Does the So-Called ‘Don’t Say Gay’ Law Apply to Florida’s Charter Public Schools?
Florida Gov. Ron DeSantis made national headlines Monday when he signed into law a divisive bill banning certain classroom instruction related to gender identity or sexual orientation in public schools.
But the bill-signing at a nontraditional charter school in Pasco County sparked questions about whether charters, which are public schools, have to follow the new law when it takes effect July 1.
The governor’s press secretary, Christina Pushaw, told the Phoenix in an email Tuesday that the new law “would apply to all public schools including public charters.”
But bill sponsor Sen. Dennis Baxley told the Phoenix that, “I don’t believe they (charter schools) would be” included in the law.
Baxley, who represents Central Florida counties, understands that charter schools are public.
The charter schools sprinkling across Florida — and other states — have been around for more than 25 years, spawning debate, criticism and opposition as well as creating a movement and providing choices for families who may want something other than their neighborhood schools.
Charter schools get public funds and administer state exams in Florida, among other requirements. But generally, they are privately operated and have more freedom and flexibility in certain areas of academics and school operations.
HB 1557, officially titled “Parental Rights in Education” but also known as the “Don’t Say Gay” bill, is now a law. But the words “charter school” do not appear in the legislation. And it’s still not clear if Florida’s charter schools will have to comply with the law in classrooms.
The Phoenix reached out to the Florida Department of Education for clarity on whether charter schools are included under the new law, but did not receive a response.
Jon Harris Maurer is the public policy director for Equality Florida, a statewide LGBTQ advocacy group which strongly opposes the new law. He told the Phoenix in a text that:
“Florida law on charter schools broadly exempts them from complying with the Florida Education Code. While some bills specify that they regulate charter schools in addition to other public schools, this legislation does not make that clear.”
“The lack of clarity on this is representative of the bill’s overall vagueness and ambiguity,” Maurer said.
Baxley, the Senate bill sponsor, told the Phoenix that the law would be applied to traditional public schools — not the nontraditional charters.
“It was certainly my intent to address specifically the schools that we operate in a more direct manner. I see that the charter schools as under oversight — that they are not schools we operate,” Baxley told the Phoenix.
But he noted that he’s not an attorney, and that other interpretations may mean that charter schools are actually included — like Pushaw said.
“I may not be correct. We may have a lot of legal opinions,” he said.

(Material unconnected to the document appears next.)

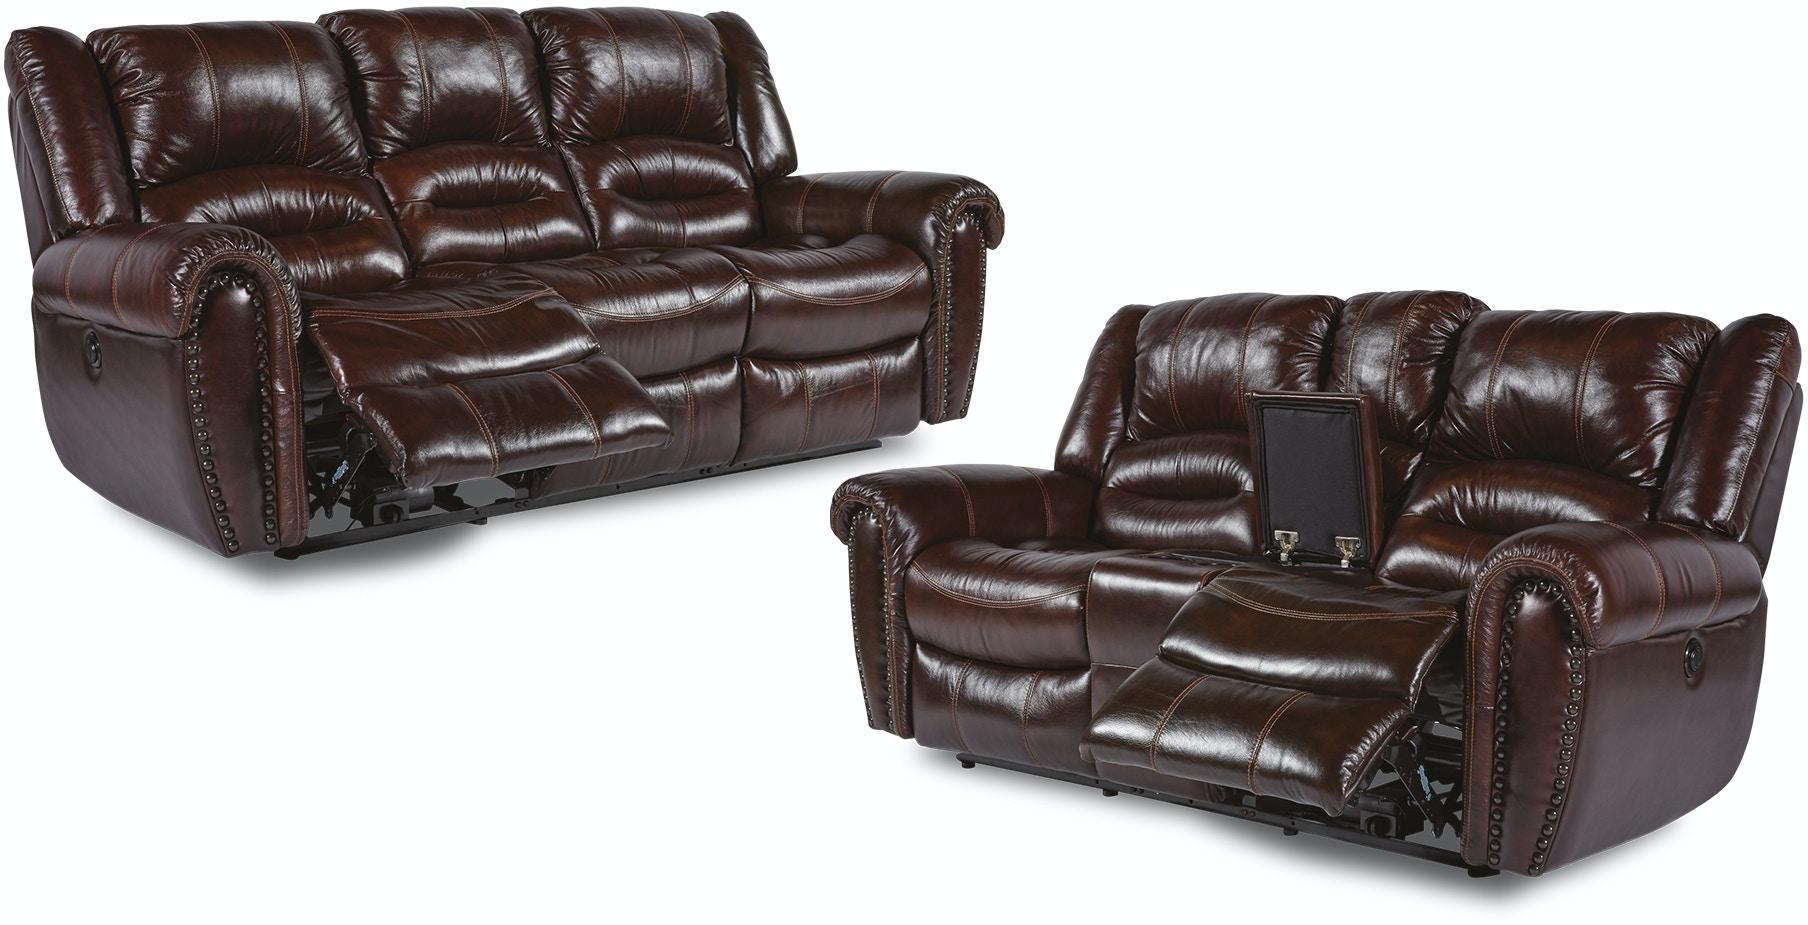 Flexsteel Living Room Bricktown Reclining Sofa And Loveseat ~ Traditional Reclining Sofa

“This is new legislation. So, where it starts, how it progresses through that process, what it looks like at the end, what different people’s understanding of its application is — that really works out over a period of time, and will be reflected, I’m sure, in input from court cases if they get filed,” Baxley said.
Baxley indicated that some of the direct meaning of the legislation, which is now law, would be ironed out through expected court challenges.

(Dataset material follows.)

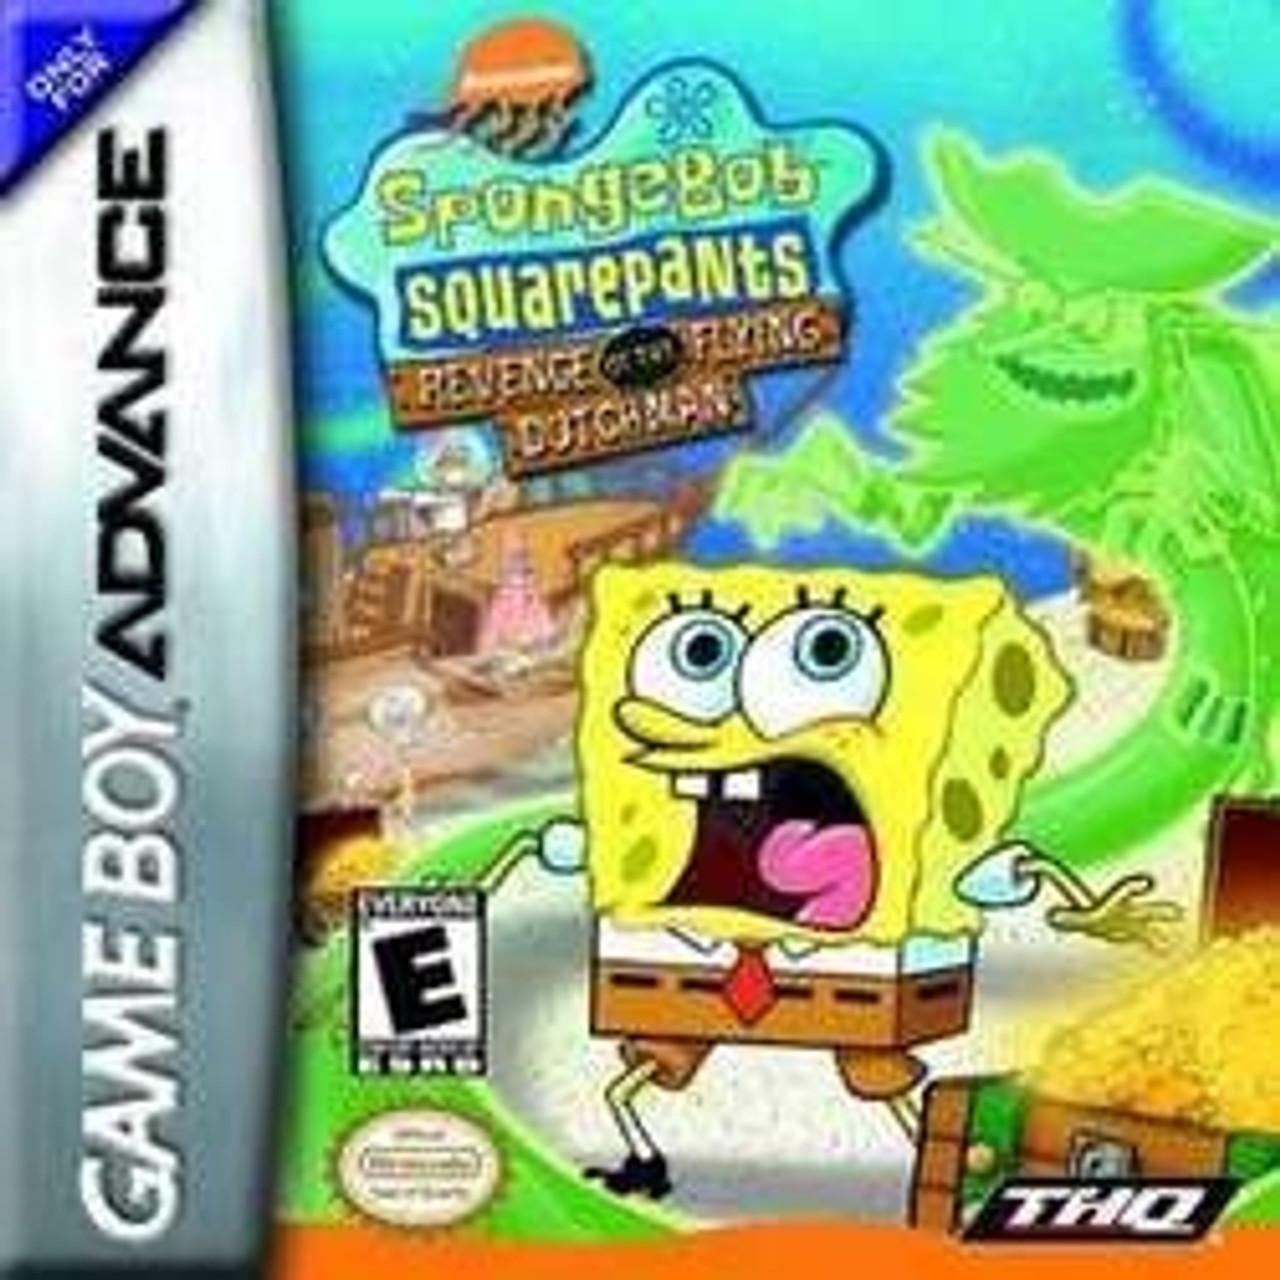 SpongeBob SquarePants Revenge Of The Flying Dutchman - Game Boy Advance Game

“I think since this legislation is passed there will be a period of working out how this will be applied. So you may get some different legal interpretations on the way there. And that’s not unusual. That happens a lot with pieces of legislation,” Baxley said.
He added: “A lot of these things will filter out as they work down through the professional educators and with the attorneys who are challenging the wording of this statute.”
Equality Florida previously stated plans to sue should any student be harmed by the effects of the legislation.
That law allows parents to sue if a school district withholds information about their child’s well-being or if their child is exposed to classroom instruction on sexual orientation or gender identity deemed not “age-appropriate.” The bill singles out kids in kindergarten through third grade, but could capture instruction and counseling through high school.
Opponents refer to it as “Don’t Say Gay” because of fear of a chilling effect in public school classrooms regarding LGBTQ students, teachers, or topics.
As to charter schools, some 341,926 students were enrolled in one of Florida’s 687 charter schools in the 2020-21 school year. That’s out of some 2.8 million public school students in all, according to September 2021 data from the Florida Department of Education.
The schools are created through an agreement or ‘charter’ typically between the school and the local district school board.